Two of these have actually been EPA approved as nematicides and have data to back up their performance. Why such an achievement is important is that we are seeing SCN counts back up to 30,000/ 100 cc of soil even on resistant varieties. That leaves bean growers asking how to respond with very few high yielding Peking varieties available.

The first of these is Nemasan, from O2YS in Georgia, and the second is Varnimo from LidoChem.

Supplies of both are such that any grower hoping to test either of them this season should be able to locate and apply them this spring. With the first mentioned product the nematology team from Miss State tested it against Telone, a high dollar, deadly to soil microbes and soil health product, on peanuts. They listed yields, nematode counts and nut size and counts from the trial. The Nemasan product stomped the hard chemistry product at a fraction of the cost. We hope to place a few plots with their product this spring.

The data on the Varnimo from other states also look good. There need to be a few plots placed using that product to see how it performs on heavy soils with high SCN counts.

Silica News

At our March 12th meeting in Ames where we had a great list of topics and speakers, one of the guests worked with Redox Chemical. He covers Michigan, Wisconsin and points east including Japan. During his talk he enumerated the benefits he saw with crops sprayed with their Si product. It still left questions about the increase in yields and the corn plants’ ability to form sugars. In the literature there was a well-documented article by Dr. Guy E. Abraham, MD entitled ‘The Importance of Bio-Available Silica in Human Health. On page 2 he discussed the role of the mineral in plants:

The Silica Cycle”

‘The silica cycle begins with the uptake of bioactive silica, that is mono-orthosilicic acid, by roots of plants. Below a pH of 9, mono-orthosilicic acid, hereafter called silicic acid, exists in its free form in water up to saturation (100 PPM).

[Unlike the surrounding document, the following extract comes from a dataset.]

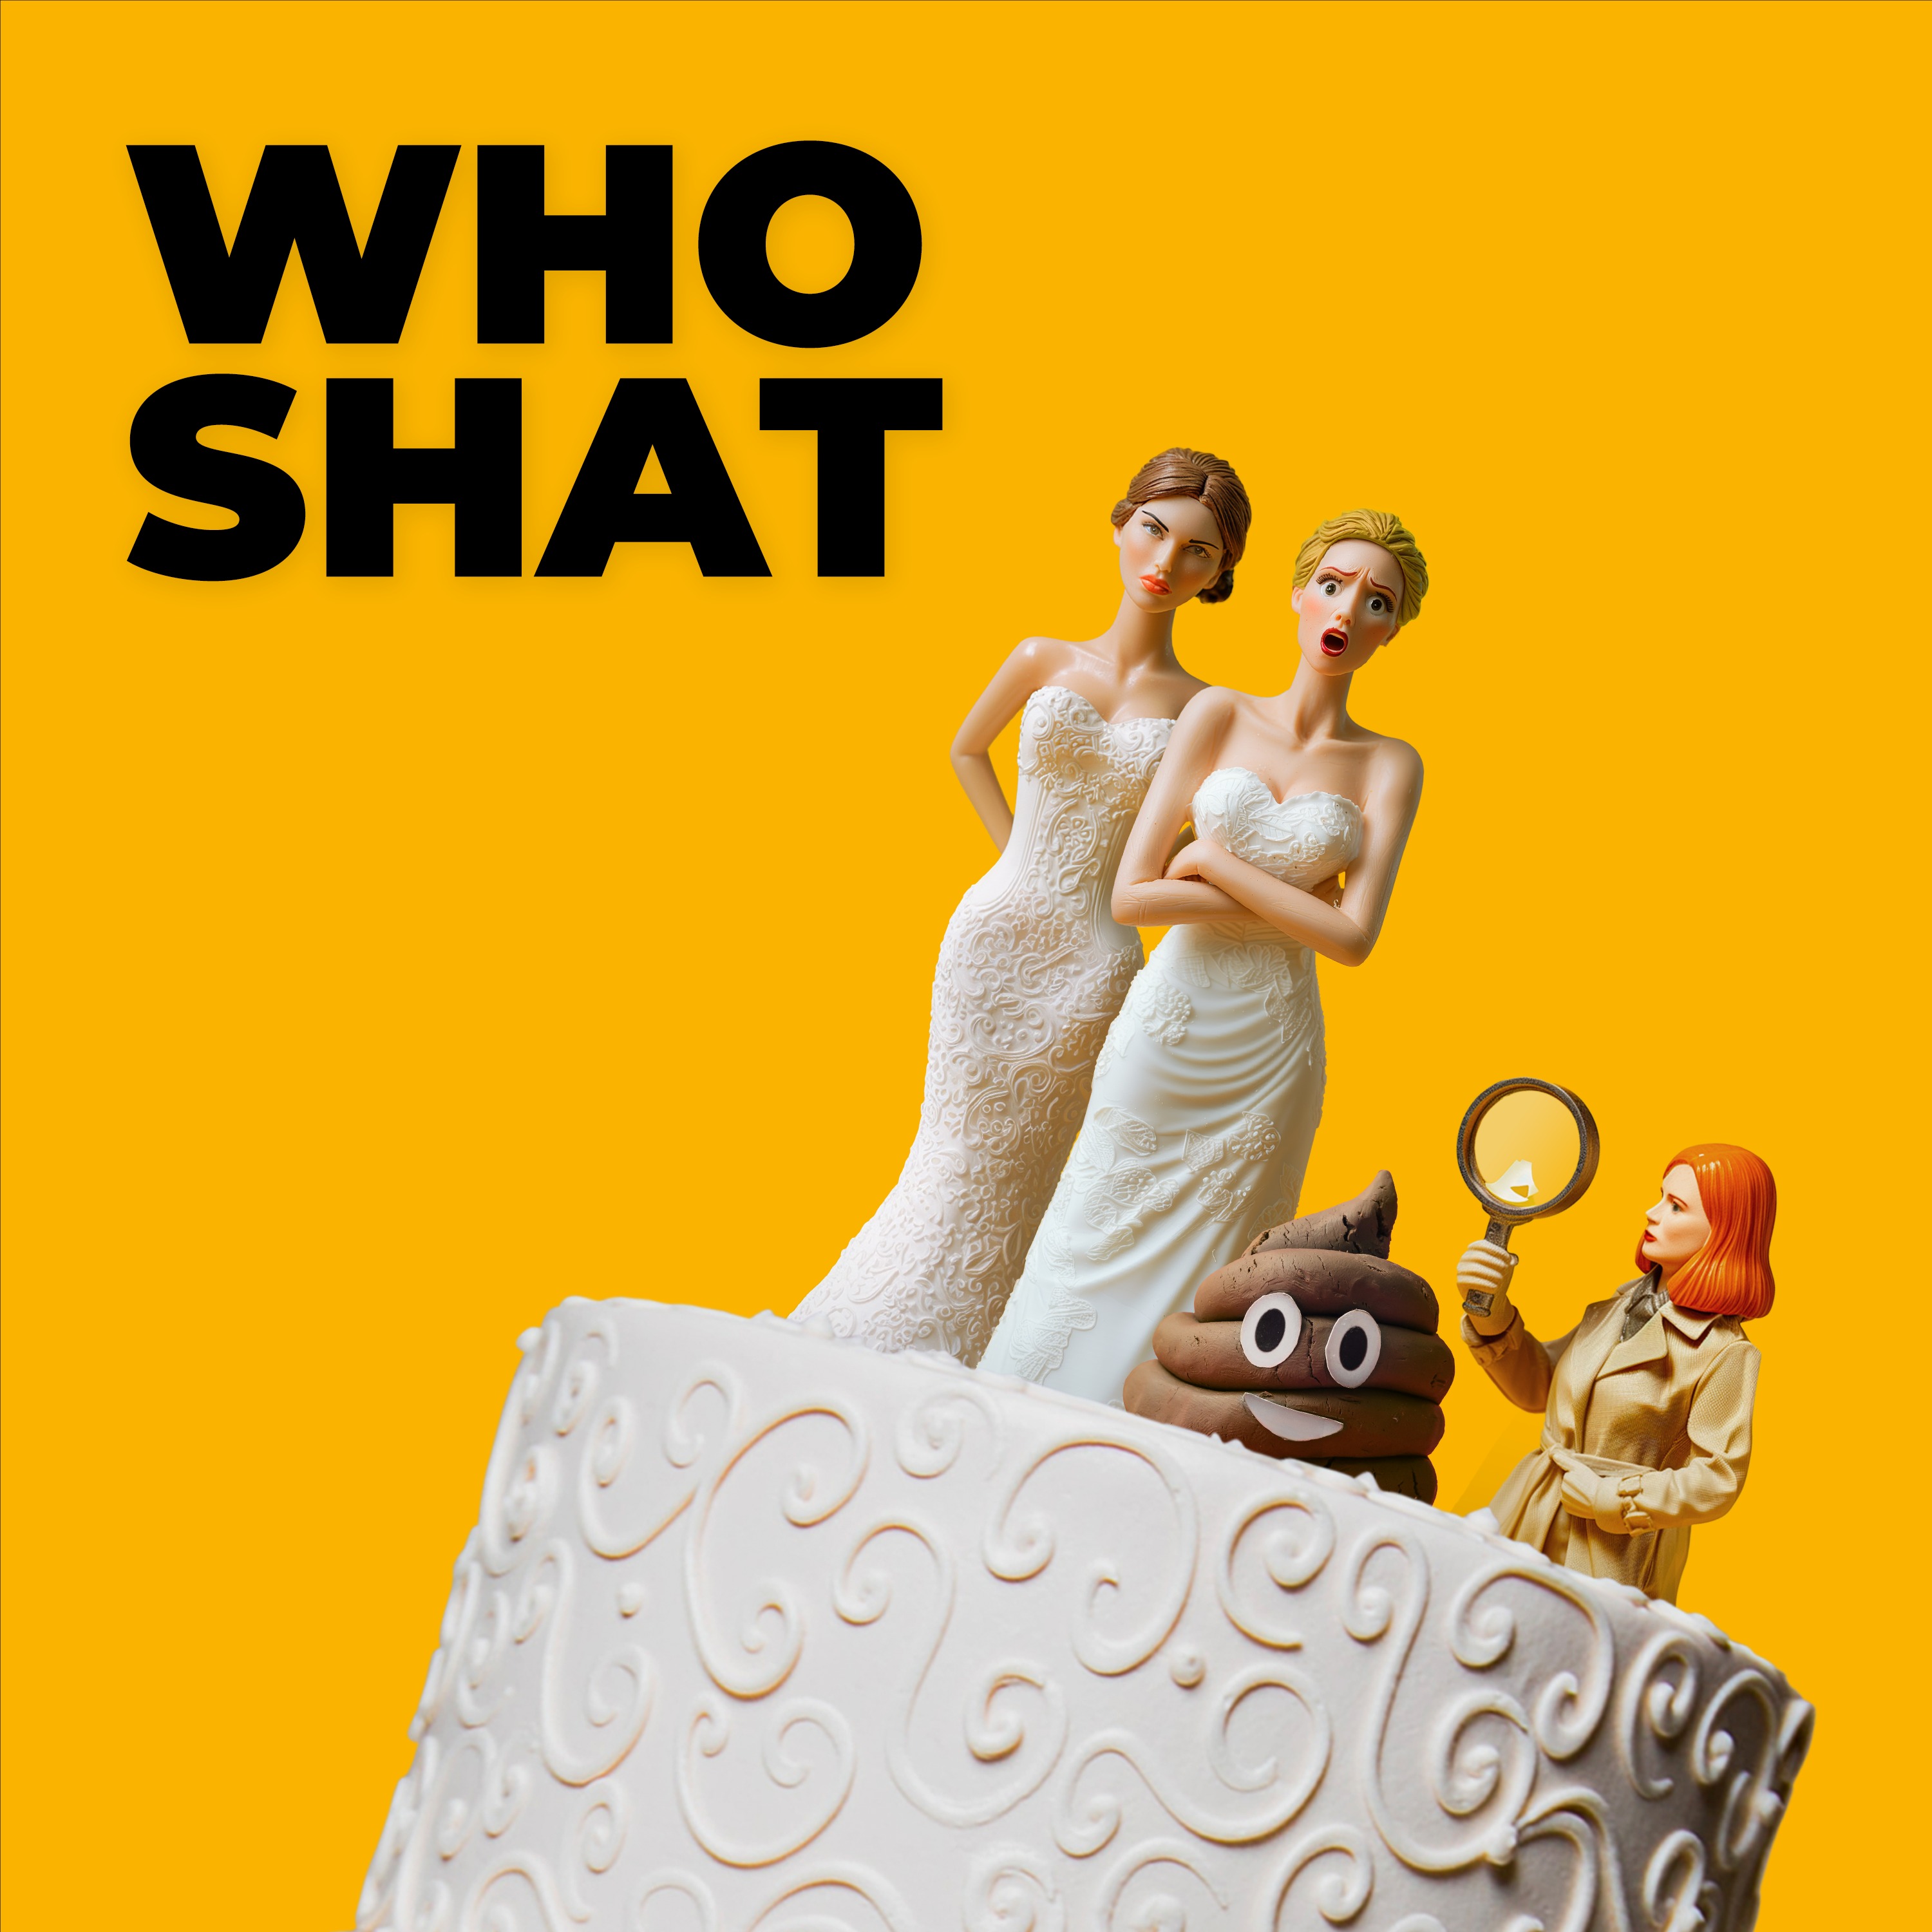 Who Shat On The Floor At My Wedding? And Other Crimes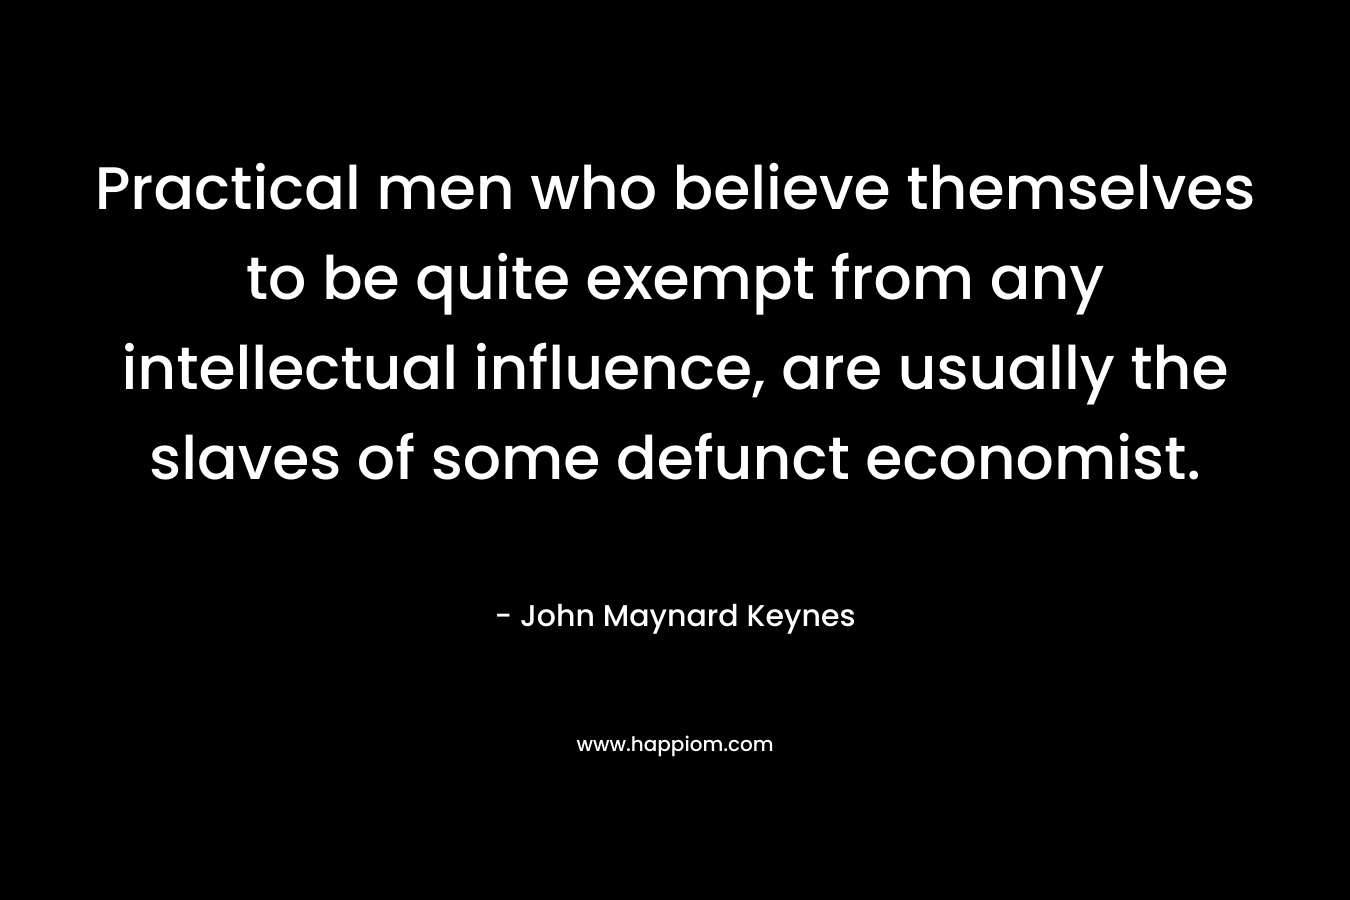 Practical men who believe themselves to be quite exempt from any intellectual influence, are usually the slaves of some defunct economist.

After translocation, condensation, and precipitation in plant tissues, silicic acid performs several important functions.

Structural: Silica contributes compression-resistance and rigidity to the cell walls which aids in photosynthesis by improving light interception. It also renders the plant drought-resistant.

Physiological: The presence of silica reduces evaporation and transpiration, therefore conserving tissue water. It also promotes oxygen availability via the roots through increased rigidity of the air canals.

Protective: Silica increases the resistance to pathogens, insects, and mollucs. It also protects the plants from toxicity of excess metals, such as manganese and iron, by distributing these oxides evenly in plants tissues, increasing their solubility. Silicic acid also forms a silicate coating around micro-particles of the oxides of these metals, increasing their stability, preventing aggregation and precipitation. These microscopic amorphous particles of silica, and the other silica-containing plant tissues, return The Importance of Bioactive Silicates in Human Health to the soil for recycling after the death and decay of plants.’

Now all of a sudden the different observations made by farmers and agronomists last year were confirmed, which should benefit us and medical practitioners. We will be posting the 8 page article to our website.